- [EXERCISE AIM]
Write out each record exactly as given, but do not include the pictures.

===== RECORDS TO USE =====

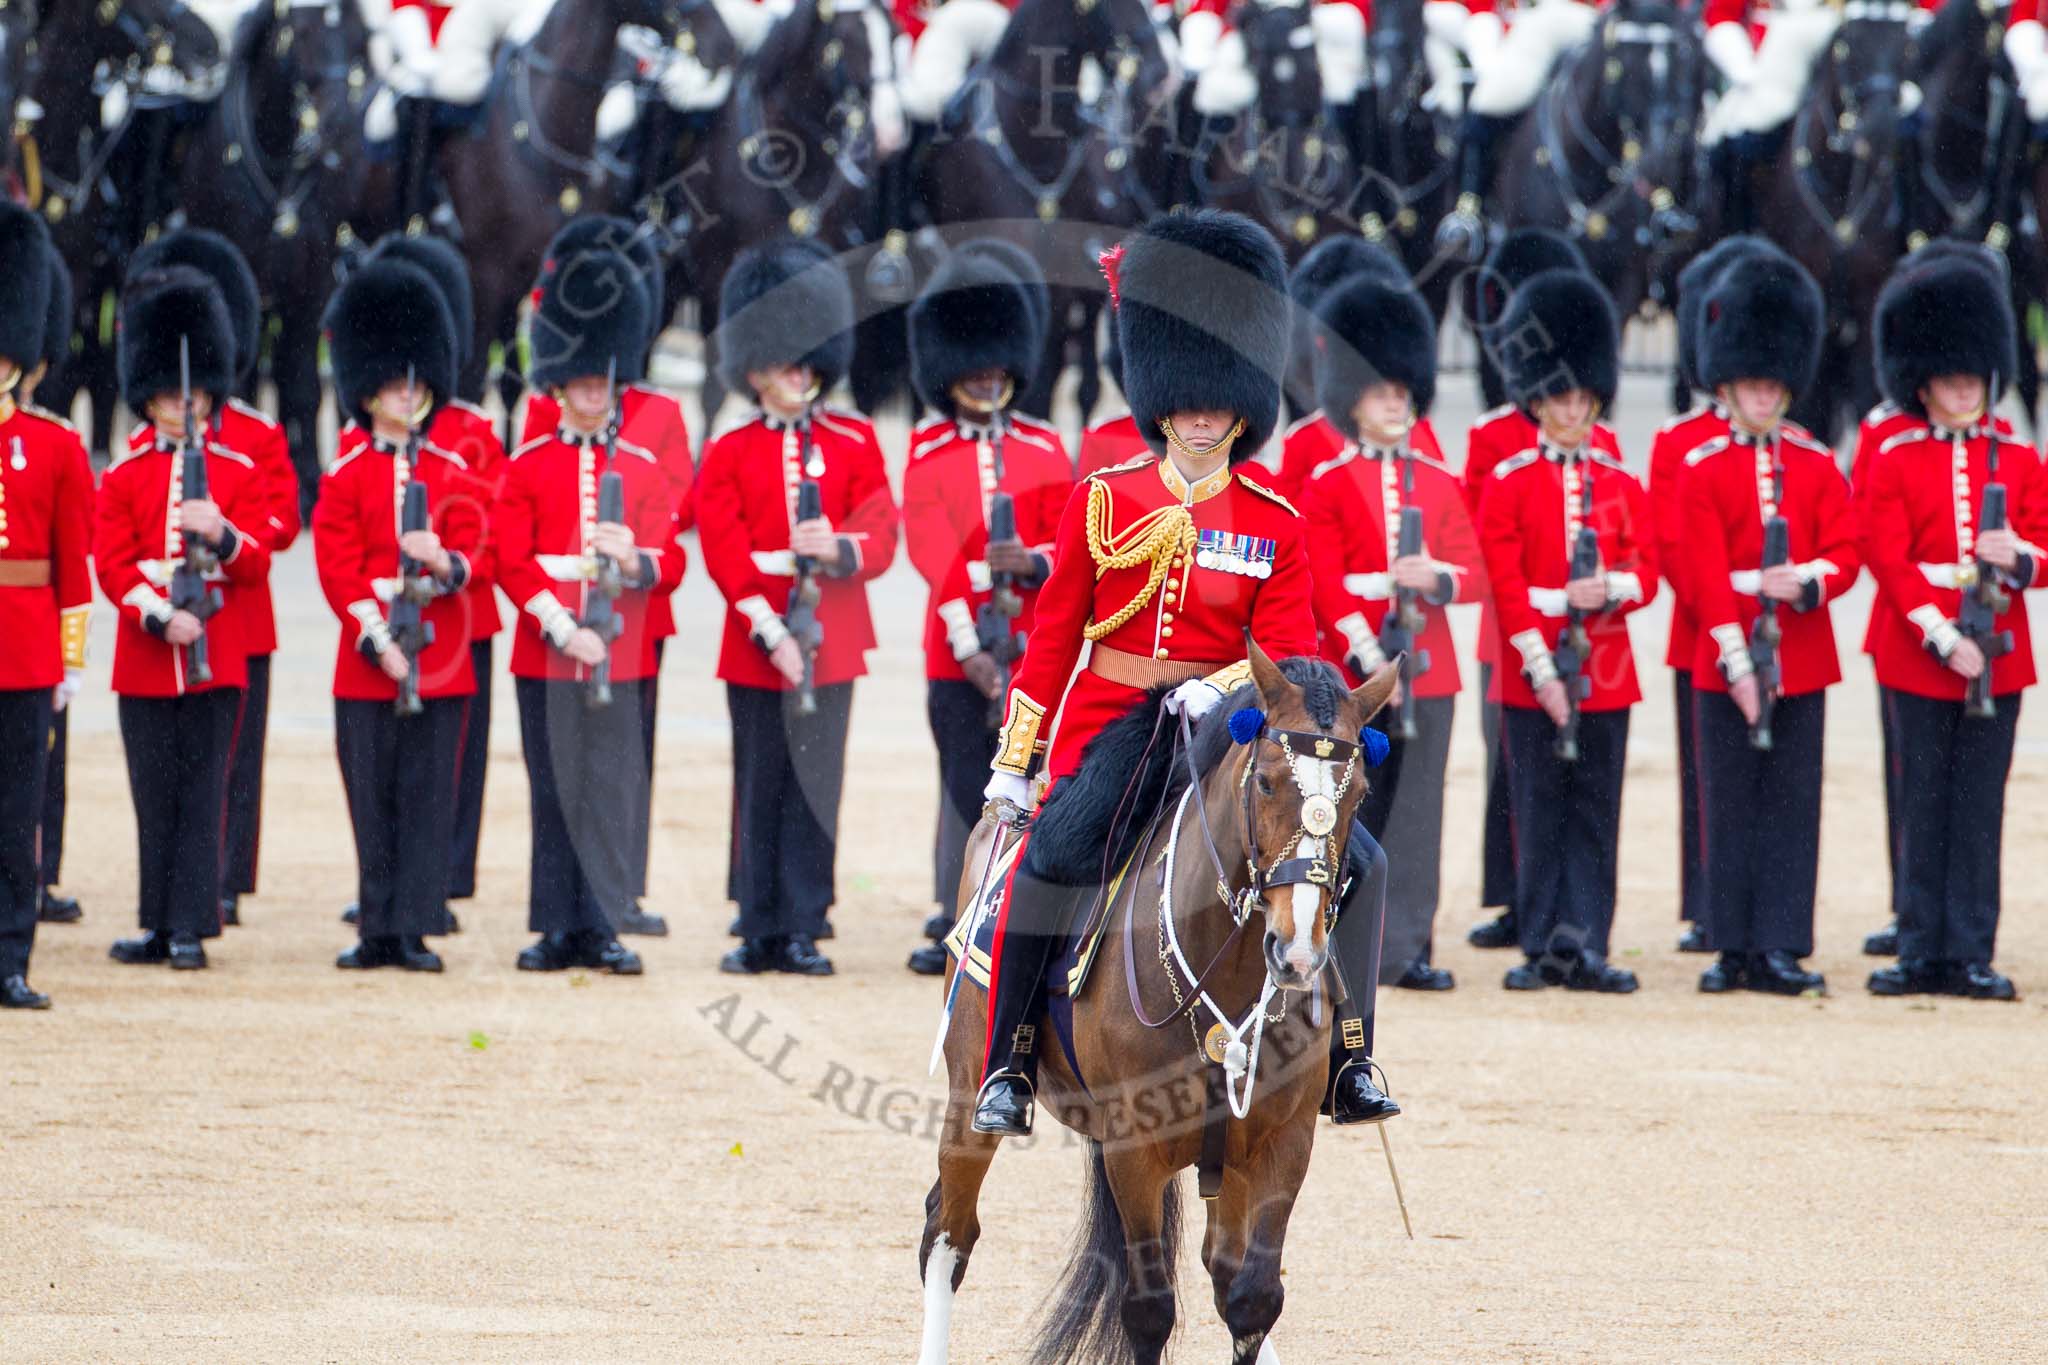 Trooping the Colour 2012: The Field Officer in Brigade Waiting, Lieutenant Colonel R C N Sergeant, Coldstream Guards, during the troping of the Colour through the ranks..
Horse Guards Parade, Westminster,
London SW1,

United Kingdom,
on 16 June 2012 at 11:26, image #345
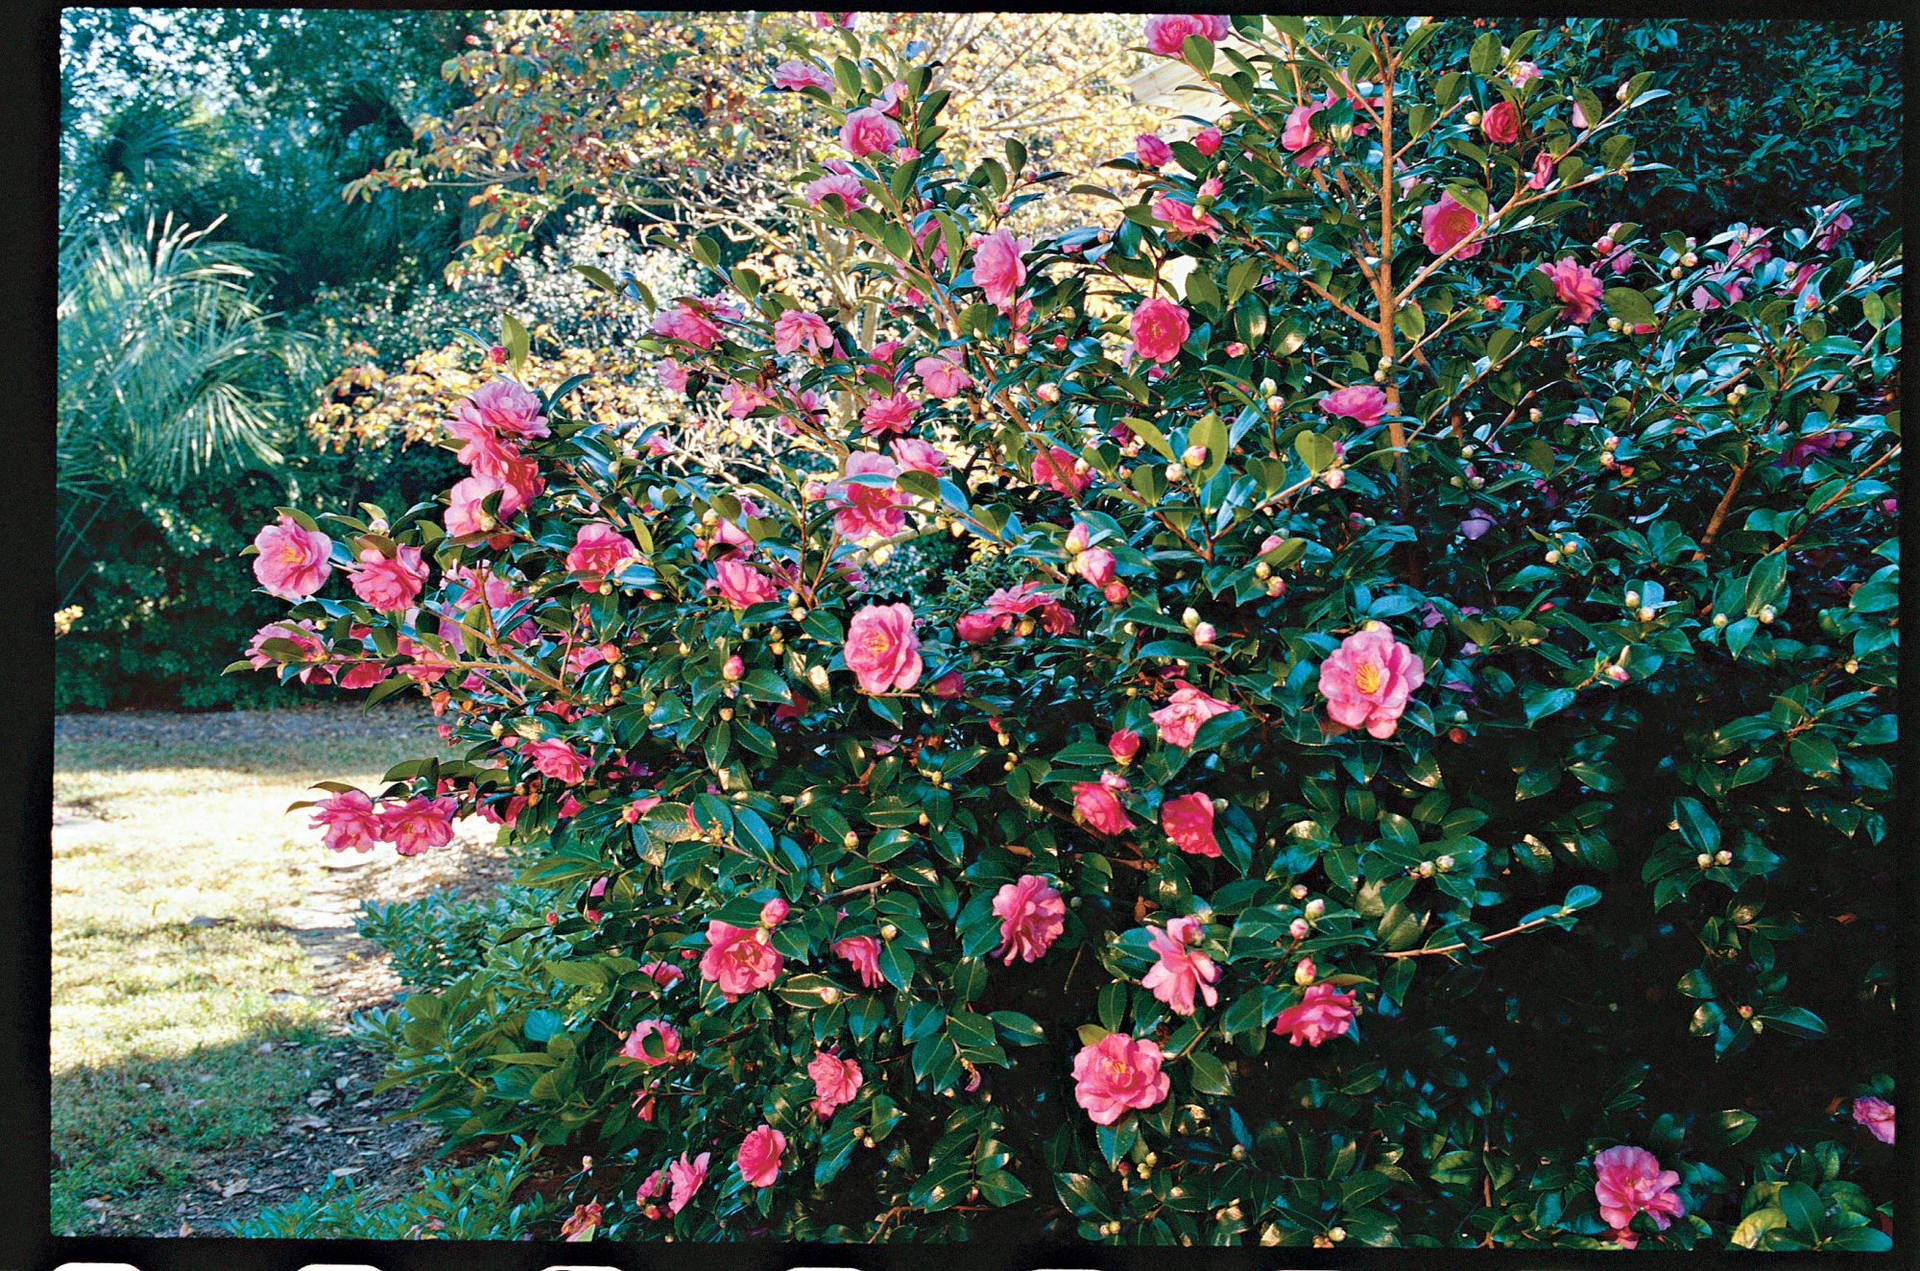 Caption: Vibrant Camellia Sasanqua Blooming In The Garden Background

=====

- [YOUR RESPONSE]
 Trooping the Colour 2012: The Field Officer in Brigade Waiting, Lieutenant Colonel R C N Sergeant, Coldstream Guards, during the troping of the Colour through the ranks..
Horse Guards Parade, Westminster,
London SW1,

United Kingdom,
on 16 June 2012 at 11:26, image #345
 Caption: Vibrant Camellia Sasanqua Blooming In The Garden Background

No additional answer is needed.